Otro punto importante en la vida de Rosa fue el debate sobre el feminismo. Alejandra explica que Rosa era feminista aunque ella no se considerase a sí misma como tal en esa época. Esto se debía a que en el momento en que Rosa Luxemburgo vivió se denominaba «feministas» a las mujeres burguesas que comenzaban a organizarse por los derechos civiles, mientras que a las mujeres obreras organizadas se las llamaba socialistas. «¿En qué reside el antifeminismo de Rosa? Este antifeminismo reside en el antisufragismo burgués. Ella pensaba que la interpretación que las burguesas tenían de la conquista del derecho al voto, es una interpretación que no compartían las proletarias. Leía el feminismo burgués como una perspectiva individualista, mientras la emancipación de las proletarias -desde su punto de vista- tenía que ver con que ellas compartían intereses colectivos. En realidad Rosa no se reconocía feminista burguesa, lo que no significaba que no tuviera una conciencia feminista clarísima», dice Ciriza. Por ese motivo, contemporáneas de Rosa que ahora figuran en la historia del feminismo socialista, por derecho propio, como Alexandra Kollontai y Clara Zetkin, no se autodenominaban feministas, sino socialistas.

Lucha y visión.
Rosa era una militante pacifista lo que conllevó que durante los más de veinte años de lucha por la revolución y el socialismo, haya pasado numerosas veces por diferentes prisiones alemanas entre 1896 y finales de 1918, por promover posiciones antimilitaristas.
Diferente a la mayoría, Rosa veía claramente el peligro de una gran guerra entre los diferentes poderes imperialistas. En 1914, la idea de un desarrollo pacífico del capitalismo fue quebrantada por la Primera Guerra Mundial. Fiel a sus convicciones, Rosa Luxemburgo centró su actividad en la agitación contra la guerra, lo que le valió la acusación de traidora y fue enviada a prisión. Debido a su posición firme opositora, Rosa pasó casi todo el período bélico en la cárcel en Berlín, aunque intervenía regularmente en los debates públicos a través de artículos.

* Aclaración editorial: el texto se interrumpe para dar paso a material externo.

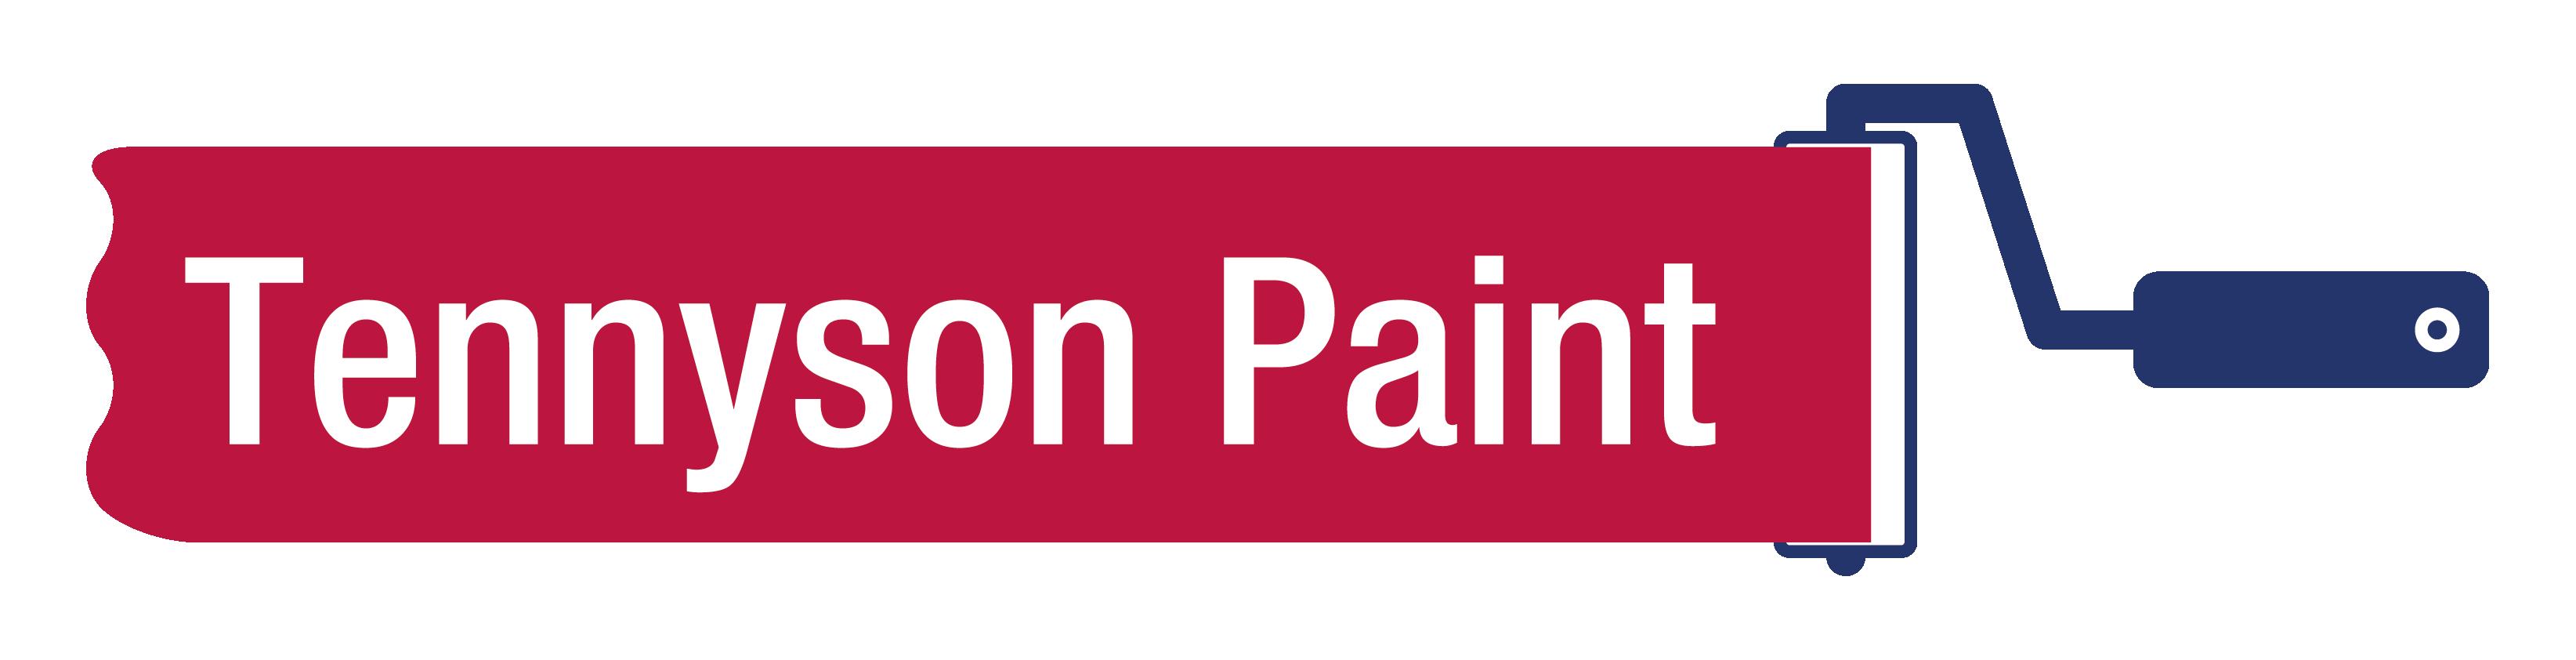 Tennyson Paint

Al terminar en noviembre de 1918 la Primera Guerra Mundial se gestó una revolución en la derrotada Alemania. La Liga Espartaquista liderada por Karl Liebknecht y Rosa Luxemburgo (que luego dio origen al Partido Comunista Alemán) protagonizó en 1919 un levantamiento revolucionario en Alemania, similar al llevado a cabo por los bolcheviques rusos en 1917. Cuando la revuelta ya había fracasado, el 15 de enero de 1919, soldados del Freikorps -milicias procedentes del ejército imperial- detuvieron, torturaron y asesinaron a Liebknecht y Luxemburgo.

Legado e inspiración.
En la actualidad, el legado de Rosa es toda su obra teórica sobre el comunismo, algunas de sus ideas sobre socialismo y capitalismo, democracia y dictadura, guerra y paz, nacionalismo, imperialismo y los derechos de las mujeres que han inspirado movimientos colectivos de los siglos XX y XXI. A cien años de su asesinato, retomar la vida y lucha de una las dirigentes revolucionarias más importantes de la historia del movimiento socialista, conocer sus importantes aciertos y también sus errores, es fundamental para repensar los caminos que hemos y estamos atravesando como sociedad.

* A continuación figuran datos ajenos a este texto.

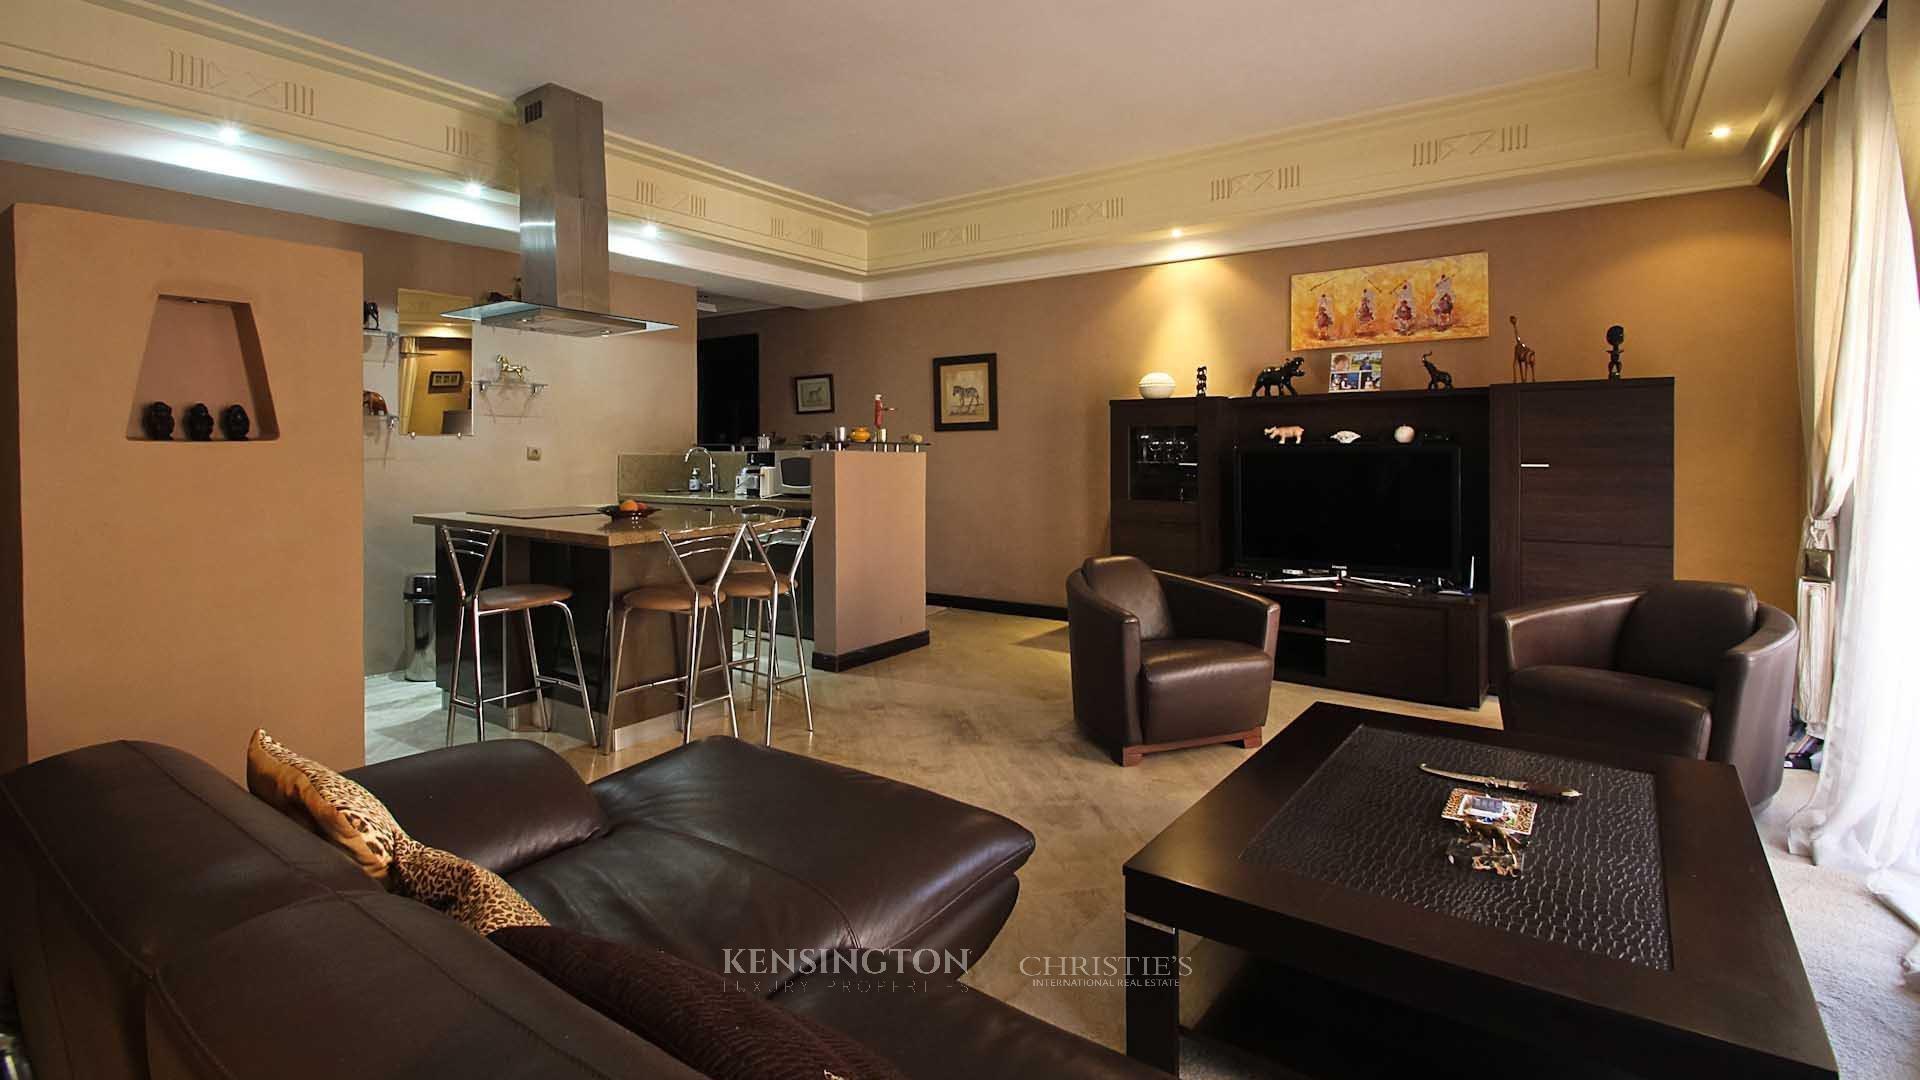 KPPM01089: Duplex Ocre Apartment Marrakech Morocco

«Este es un país que está edificado sobre genocidios. Y yo creo que la única manera, el único lugar del que podemos sacar fuerza es asumiendo lo sucedido en nuestro pasado. Por eso me parece importante traer a los vencidos, porque sus batallas, son las batallas inconclusas que todavía tenemos que librar», concluye Alejandra Ciriza.